* _INFORMATION SUPPLIED_
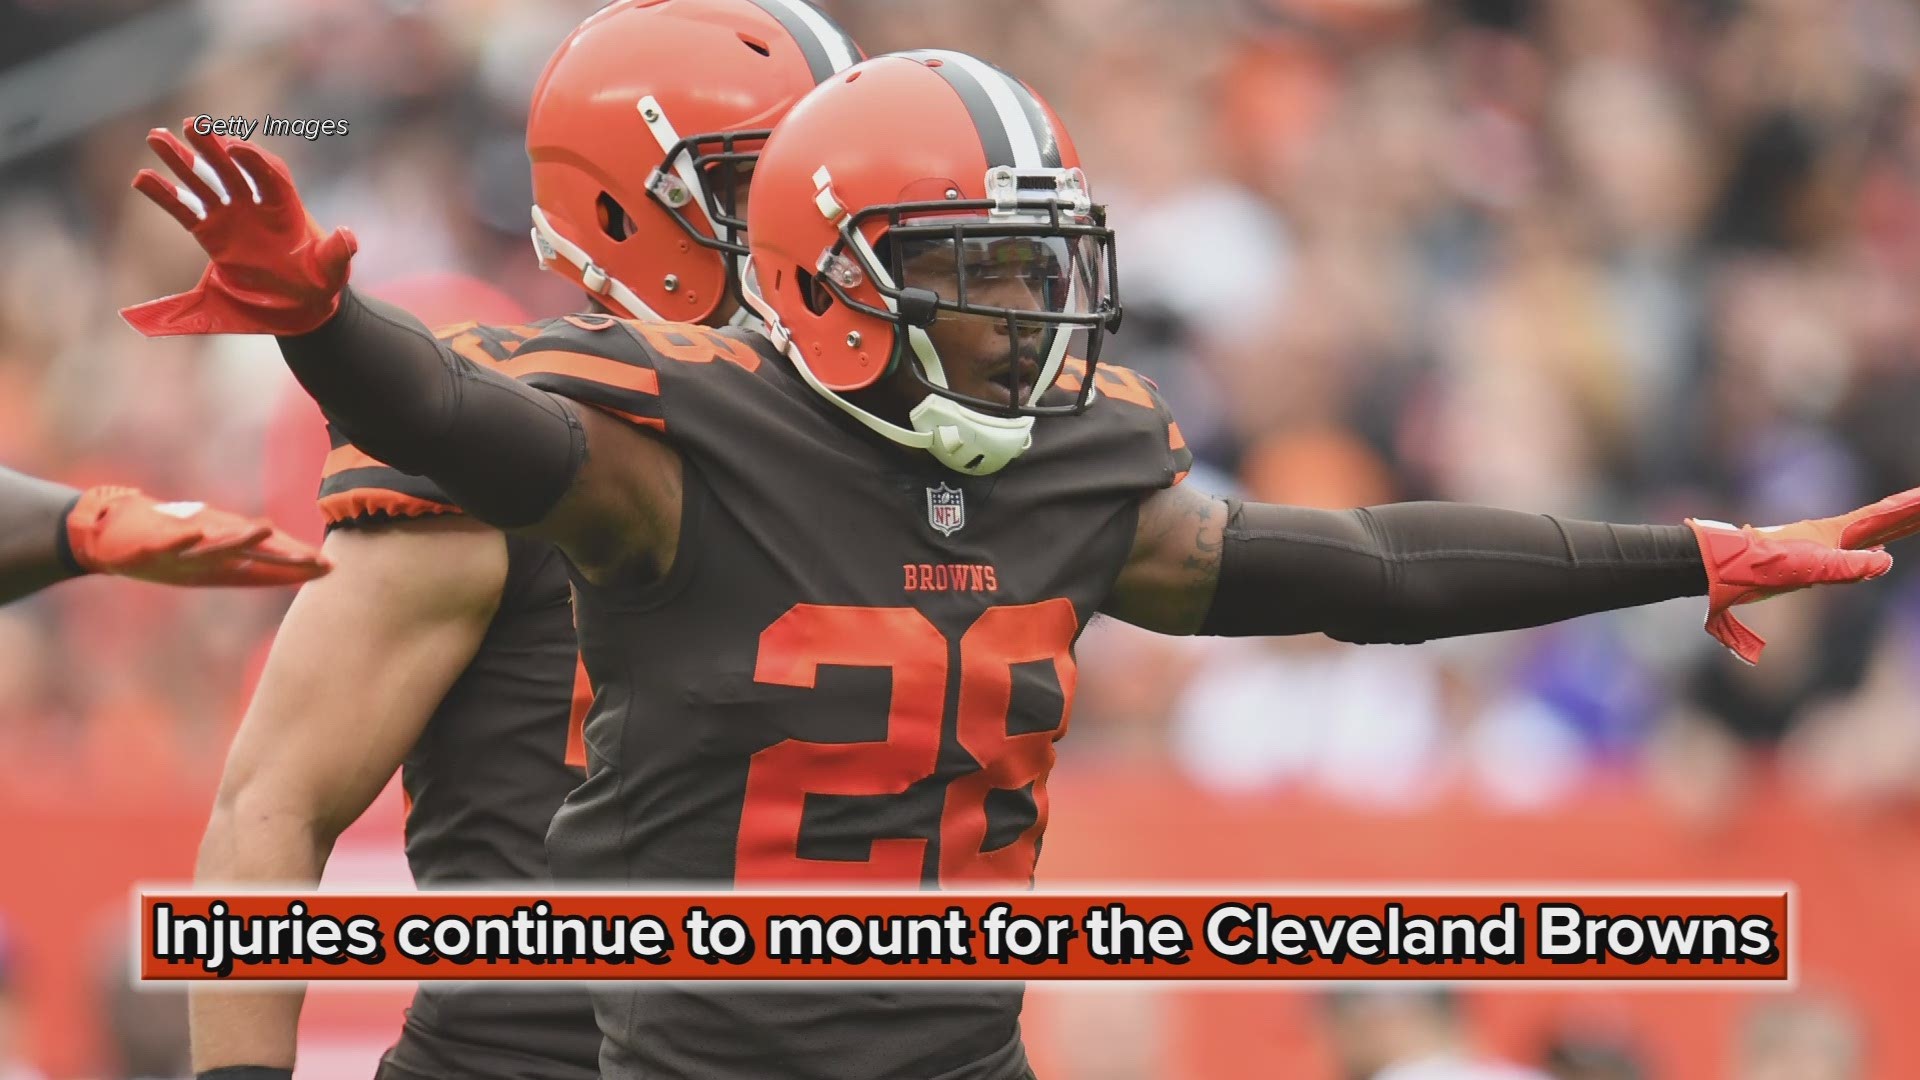 Cleveland Browns' secondary takes another hit as E.J. Gaines enters NFL Concussion Protocol
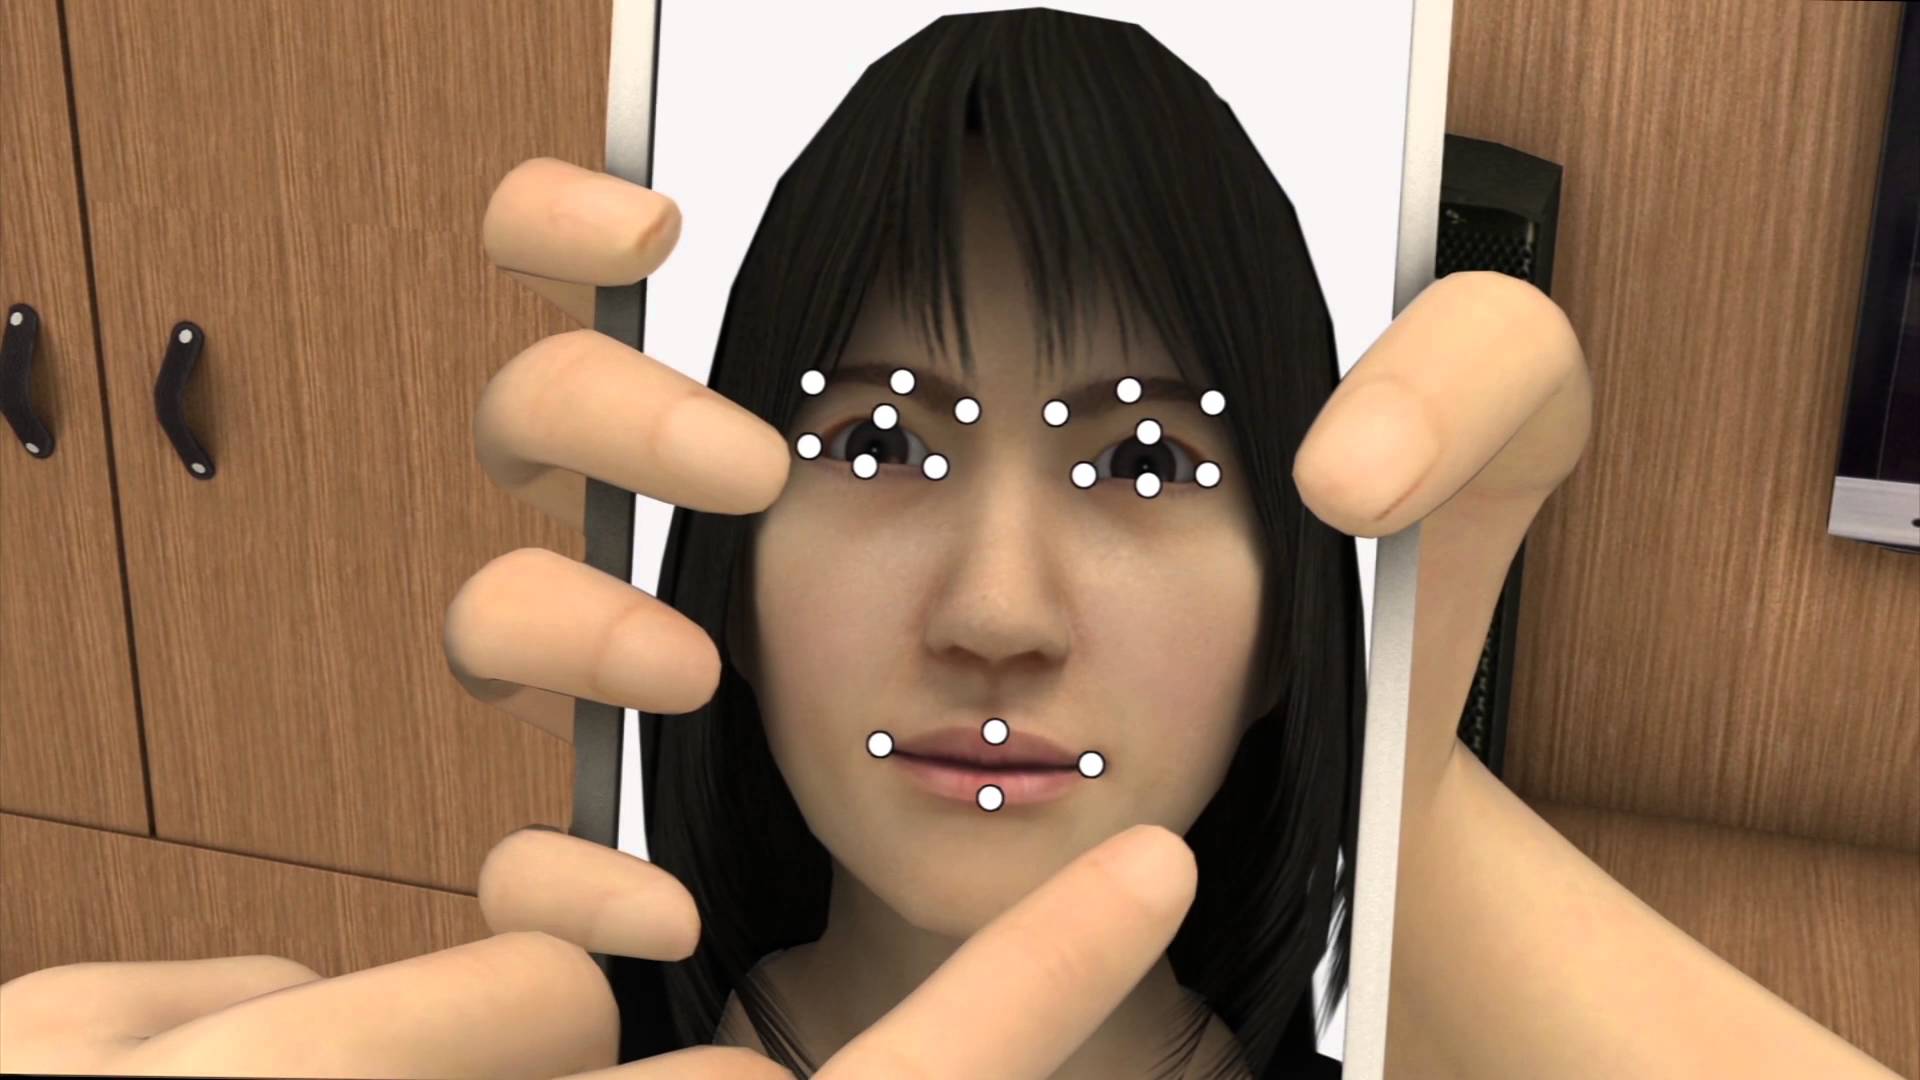 Virtual makeover phone app ModiFace Live lets users virtually apply makeup in real time
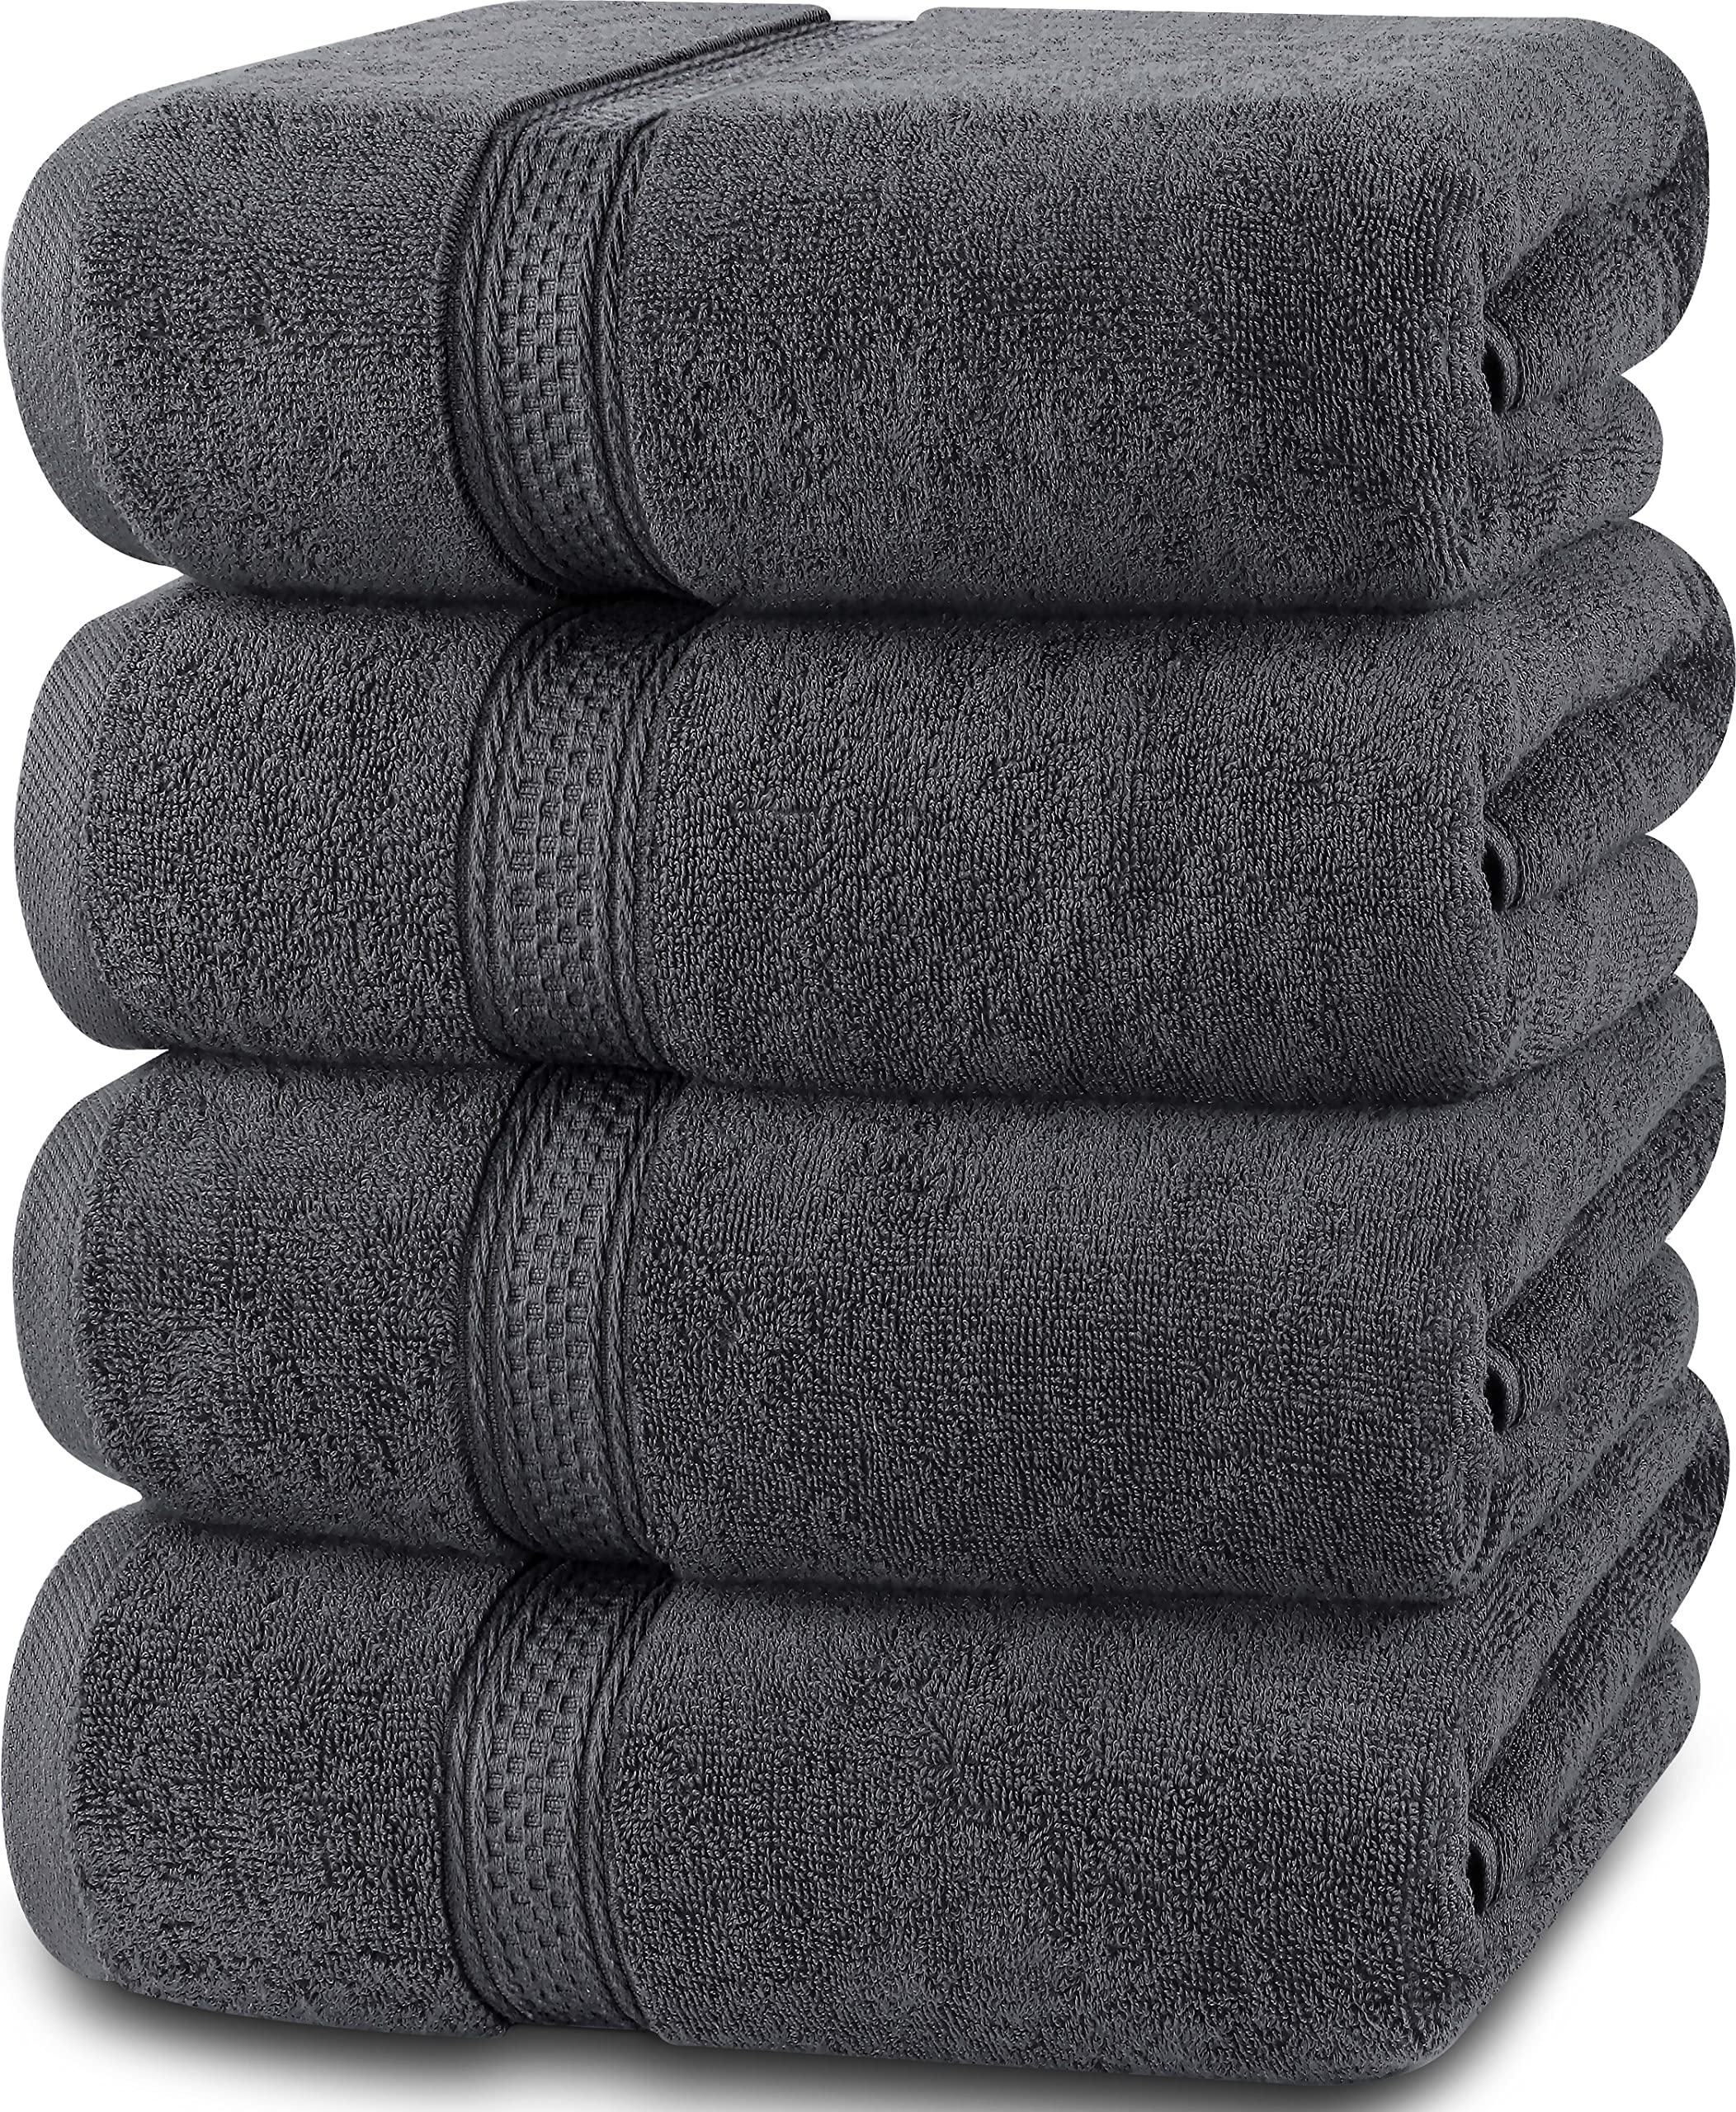  Utopia Towels - Luxurious Jumbo Bath Sheet 2 Piece - 600 GSM  100% Ring Spun Cotton Highly Absorbent and Quick Dry Extra Large Bath Towel  - Super Soft Hotel Quality Towel (

* _EXERCISE BRIEF_
Return all the lines above exactly; none of the pictures should appear.

* _EXERCISE SOLUTION_
 Cleveland Browns' secondary takes another hit as E.J. Gaines enters NFL Concussion Protocol
 Virtual makeover phone app ModiFace Live lets users virtually apply makeup in real time
  Utopia Towels - Luxurious Jumbo Bath Sheet 2 Piece - 600 GSM  100% Ring Spun Cotton Highly Absorbent and Quick Dry Extra Large Bath Towel  - Super Soft Hotel Quality Towel (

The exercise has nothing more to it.